__What is being asked__:
Repeat the whole listing below precisely. Omit all pictures.

__Dataset extract__:
########

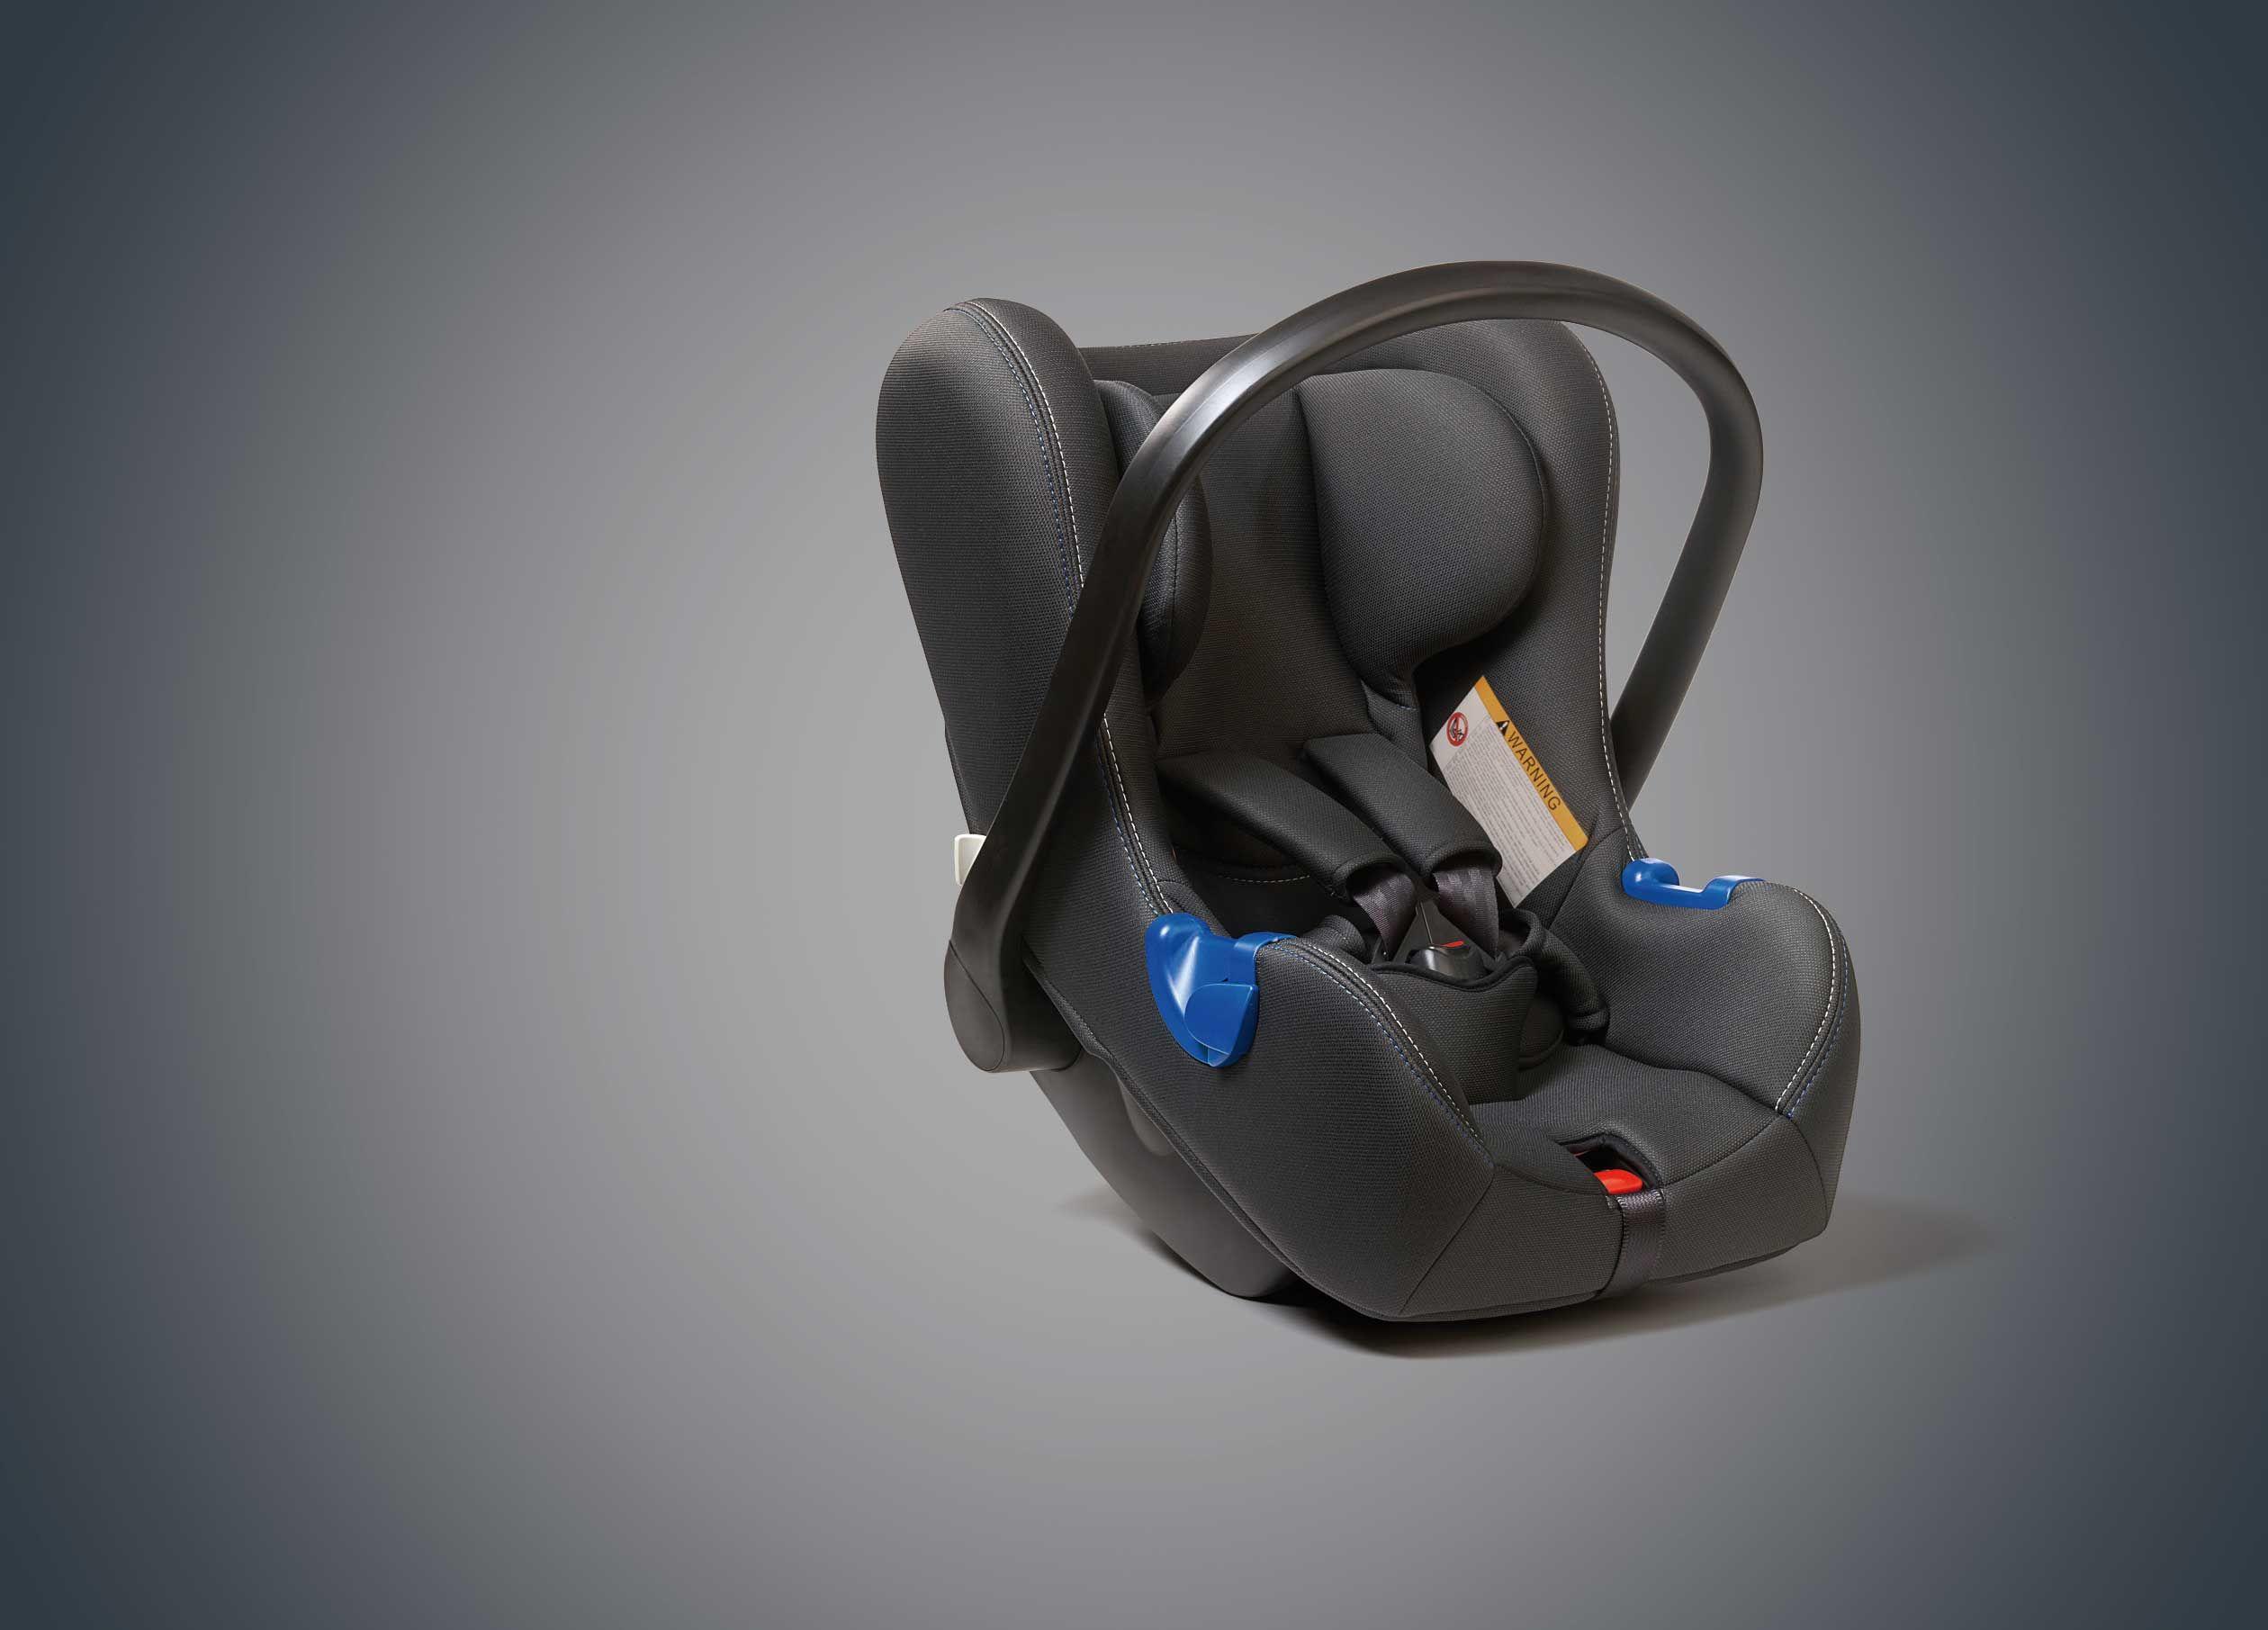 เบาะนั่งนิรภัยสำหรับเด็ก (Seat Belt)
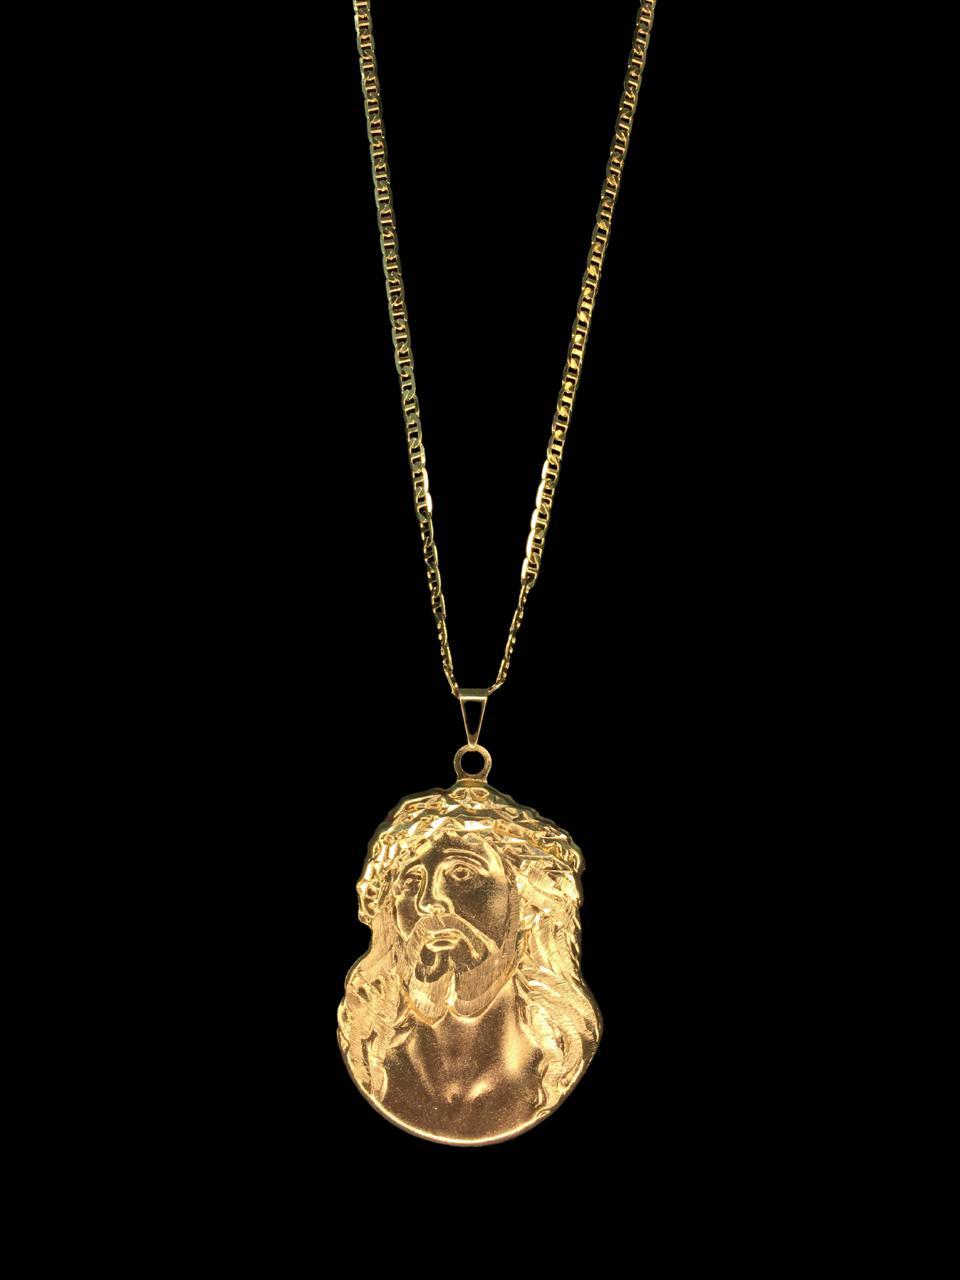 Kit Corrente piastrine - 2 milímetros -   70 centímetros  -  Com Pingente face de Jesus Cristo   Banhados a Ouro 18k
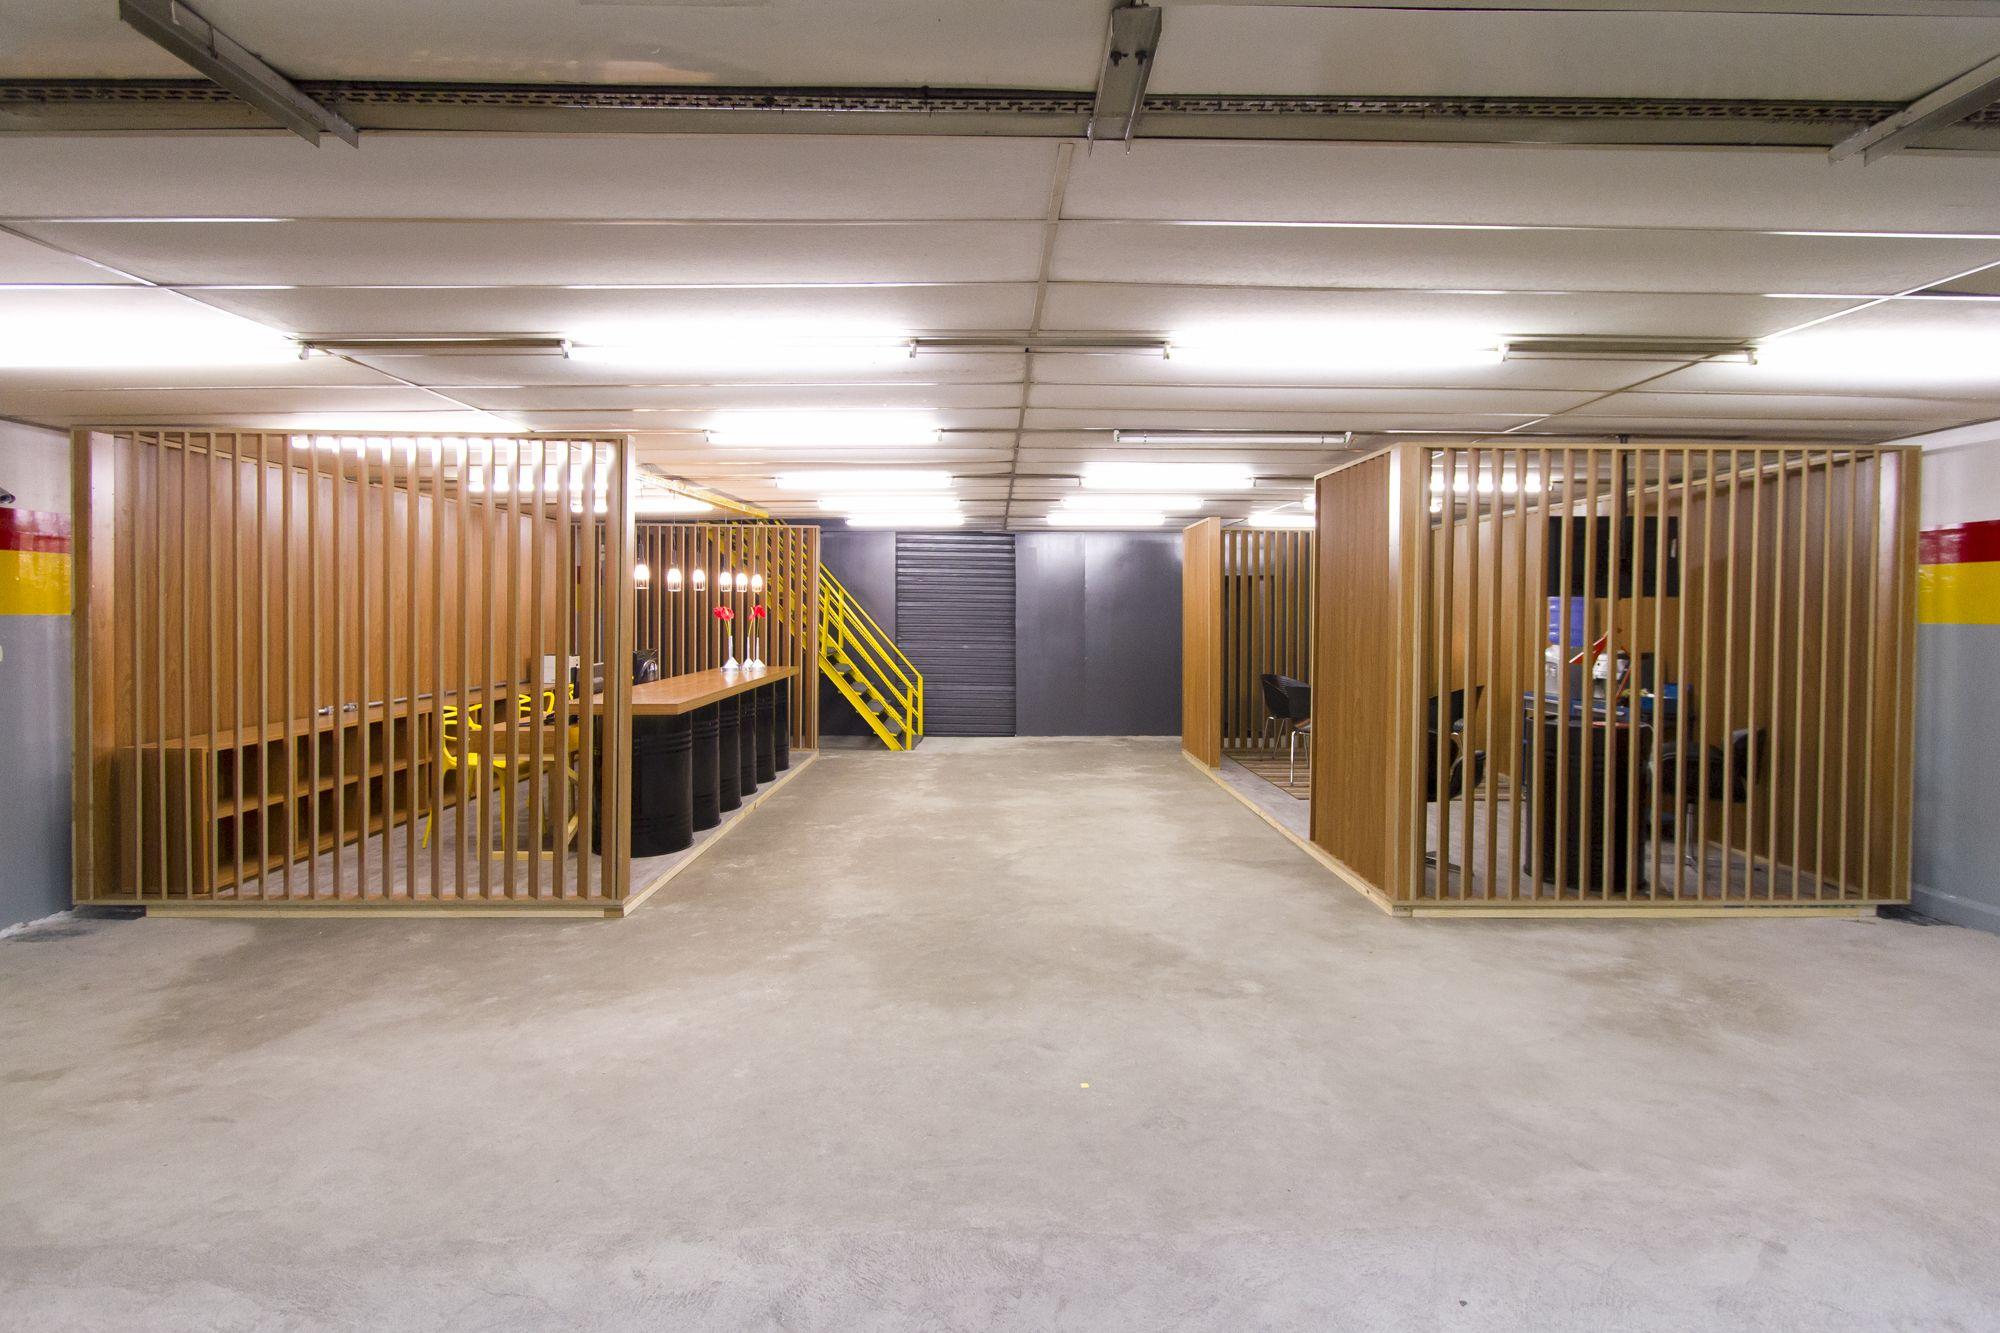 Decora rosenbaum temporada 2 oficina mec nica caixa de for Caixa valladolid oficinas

########

__Task response__:
 เบาะนั่งนิรภัยสำหรับเด็ก (Seat Belt)
 Kit Corrente piastrine - 2 milímetros -   70 centímetros  -  Com Pingente face de Jesus Cristo   Banhados a Ouro 18k
 Decora rosenbaum temporada 2 oficina mec nica caixa de for Caixa valladolid oficinas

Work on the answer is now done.